What The Quality Control Data Reviewer Does Each Day
- Reviews analytical testing of finished sterile products, and raw materials, following all written procedures and cGMP, and providing assurance of accurate documentation of analyses
- Conducts and writes laboratory investigations, with support from the Manager
- Verifies appropriate documentation for DEA controlled sample handling
- Documents completion of review and approval of data in the appropriate laboratory systems
- Reports any issues to the Supervisor upon discovery
- Partners with their Supervisor to understand overall expectations and execute them independently based on the prioritization of projects
- This individual will work with the Supervisor or Manager to understand overall expectations and provide data to meet project milestones
- Reads and understands SOPs and follow policy, procedure, and applicable government regulations, such as current Good Manufacturing Practices (cGMP), DEA compliance, quality standards and safety requirements
- Provides review of analytical data in a timely manner
- Provides input to SOPs to enhance the efficiency of the laboratory
- Keeps up to date on SOPs, cGMP, and current Good Documentation Practices (cGDP) requirements
- Communicates as needed any testing issues to either a supervisor or manager or to a cross-functional group such as Metrology
- Recommends to Supervisor or Manager improvements to analytical test methods or documentation
Our Most Successful Quality Control Data Reviewer
- Detail-oriented with strong verbal and written communications skills
- Highly organized
- Knowledgeable in Microsoft Word and Excel
- Fulfills expectations, establishes sustainable relationships with team members, maintains effective and meaningful communication channels
Minimum Requirements For This Role
- 18+ years of age
- Able to successfully complete a drug and background check
- B.S. degree or higher in Chemistry, Biology, or related field
- 3 or more years of laboratory experience in the Pharmaceutical Industry
- Must be currently authorized to work in the United States on a full-time basis; QuVa is not able to sponsor applicants for work visas
Any Of The Following Will Give You An Edge
- Experienced with Waters H-class HPLC and Empower software
Benefits Of Working At QuVa
- Set, full-time, consistent work schedule
- Comprehensive health and wellness benefits including medical, dental and vision
- 401k retirement program with company match
- 17 paid days off plus 8 paid holidays per year
- National, industry-leading high growth company with future career advancement opportunities
About QuVa
QuVa is a national, industry-leading provider of pharmacy services, including ready-to-administer sterile outsourcing and advanced AI-generated insights providing clarity for revenue capture and inventory management. QuVa Pharma delivers essential medications in injectable formats critical for effective patient care. LogicStream, a QuVa company, partners with health systems to aggregate, normalize, and analyze large amounts of complex data through AI and machine learning tools that generate actionable insights supporting revenue optimization, inventory management, and inventory-related workflows. Through QuVa’s integrated solutions, health systems can transform pharmacy management to achieve greater value by operating more efficiently and effectively as they deliver high-quality patient care.
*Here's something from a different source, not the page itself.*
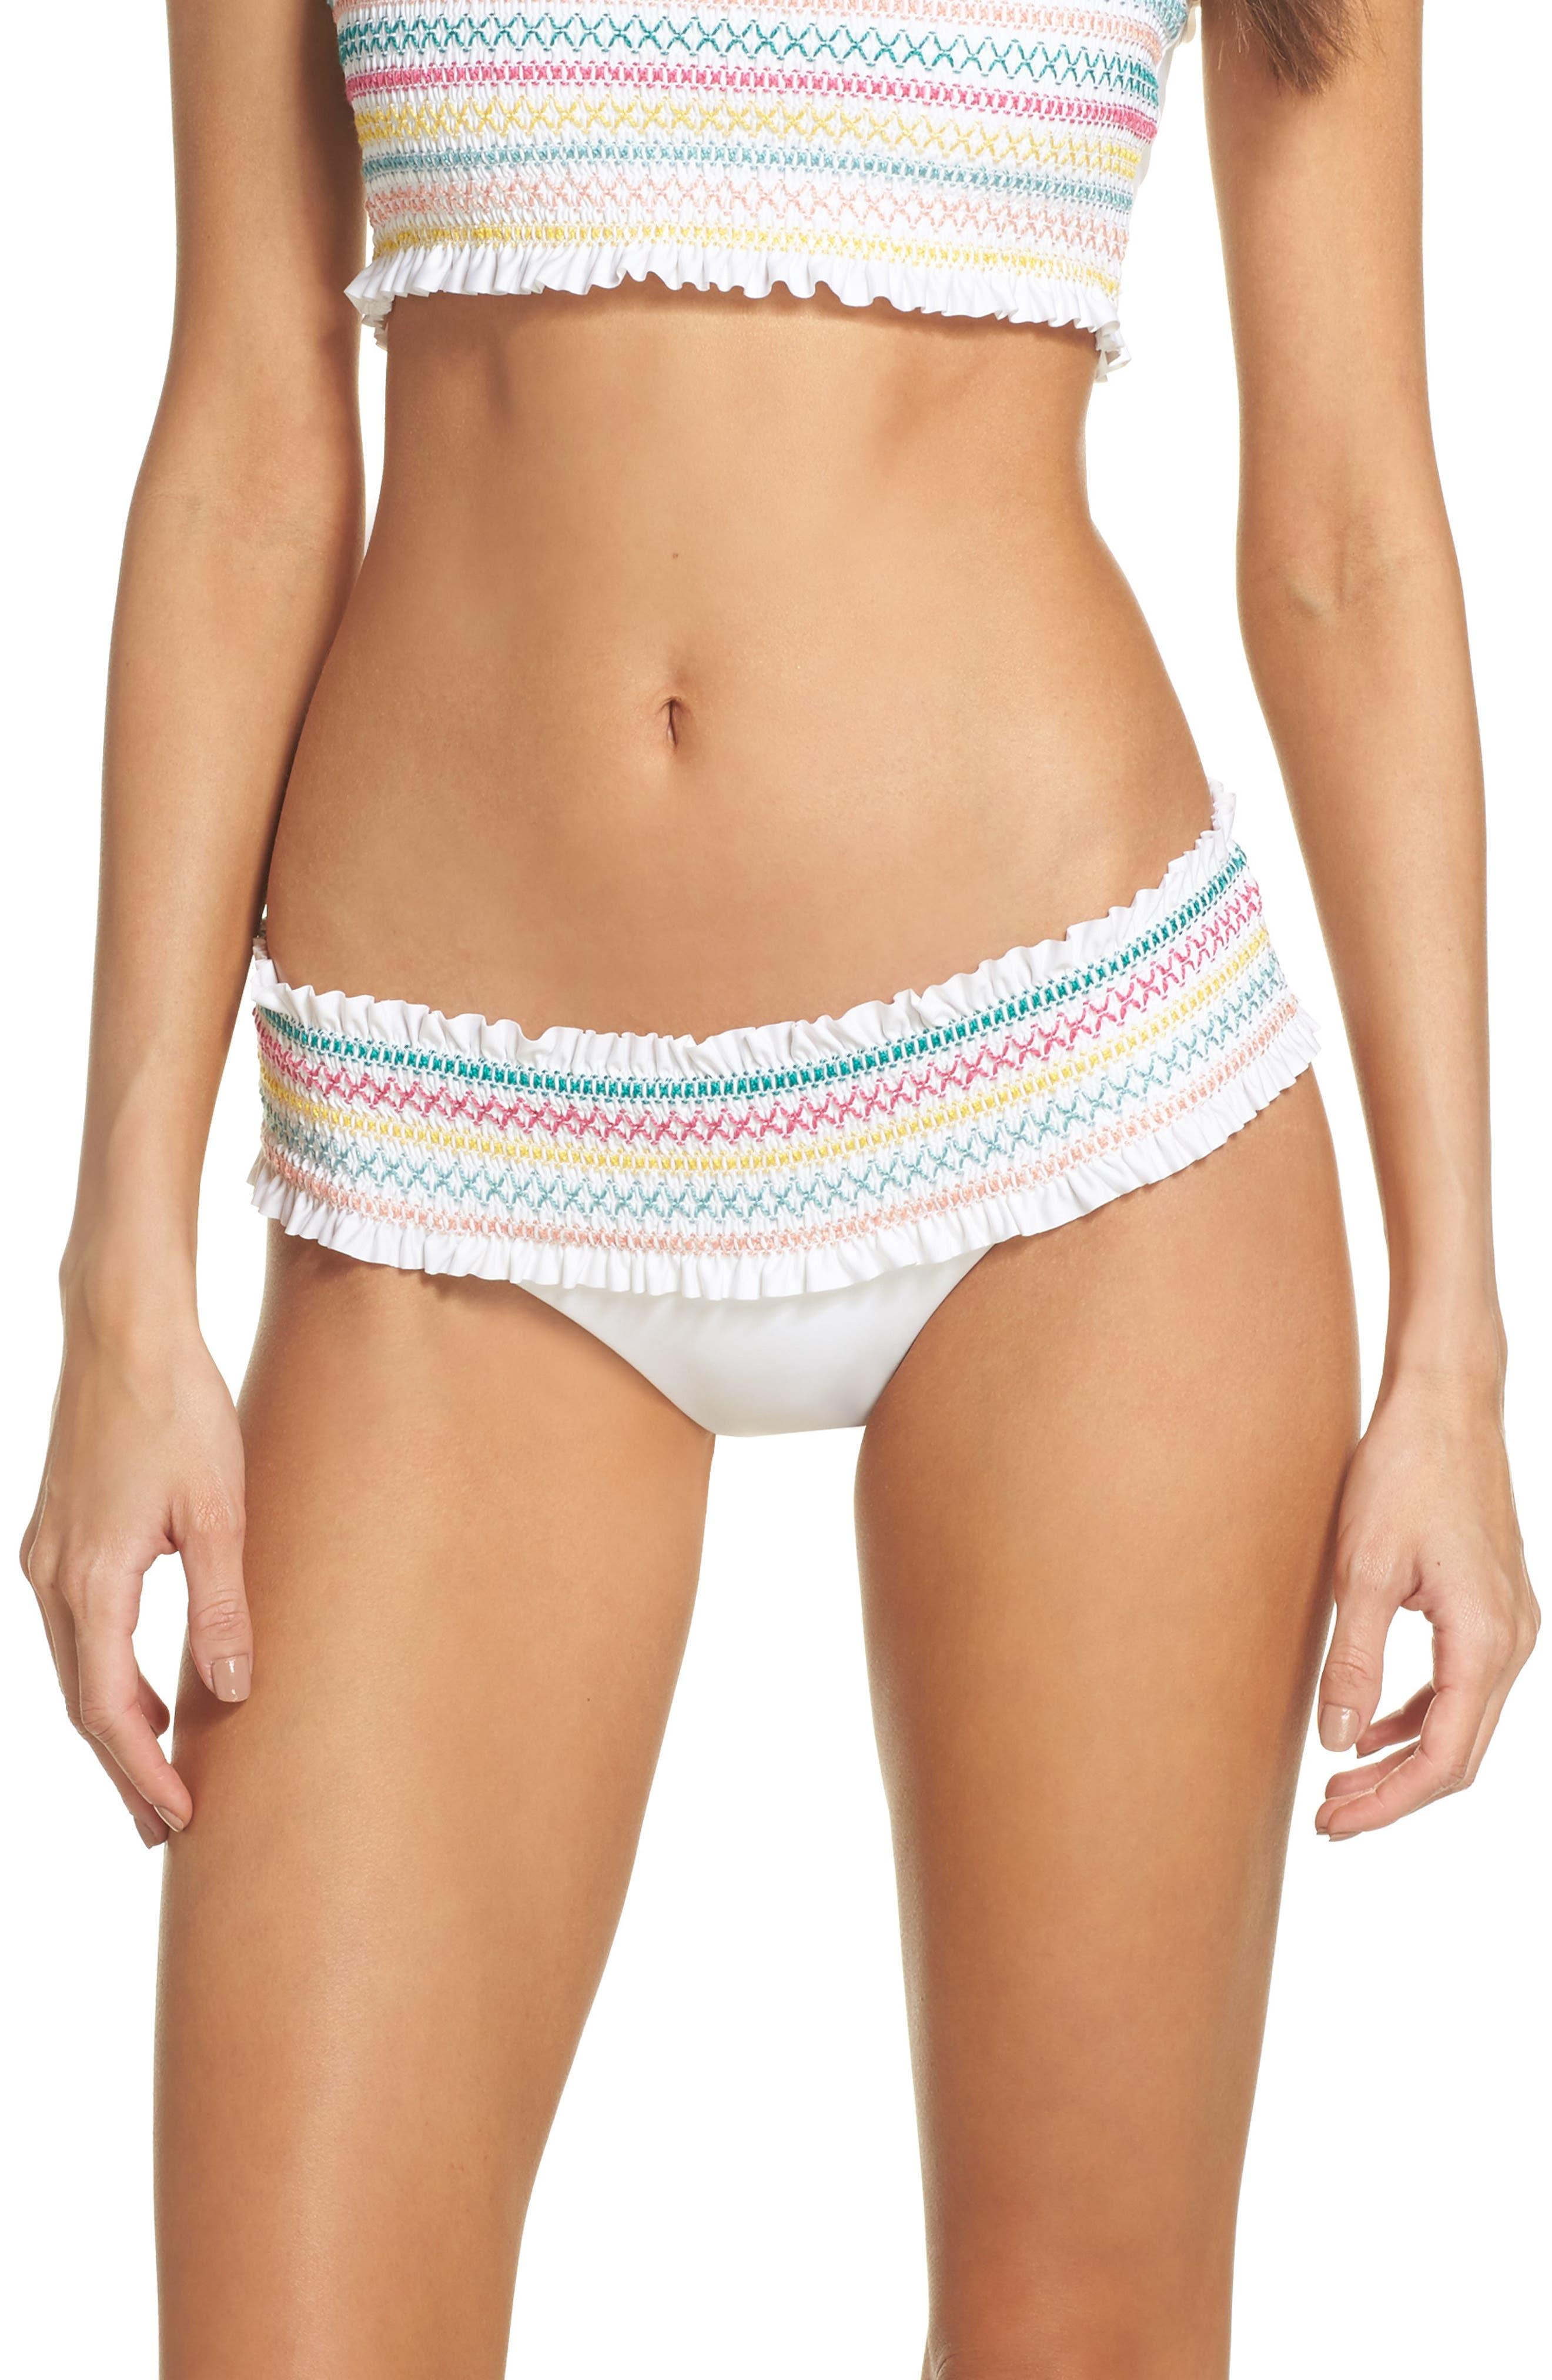 Crystal Cove Smocked Bikini Bottoms,                             Main thumbnail 1, color,                             White

QuVa is an equal opportunity employer and is committed to creating and maintaining a work environment that is free from all forms of discrimination and harassment. QuVa's Equal Opportunity Policy prohibits harassment or discrimination due to age, ancestry, color, disability, gender, gender expression, gender identity, genetic information, marital status, medical condition, military or veteran status, national origin, race, religious creed, sex (including pregnancy, childbirth, breastfeeding, and any related medical conditions), sexual orientation, and any other characteristic or classification protected by applicable laws. All employment with QuVa is “at will.”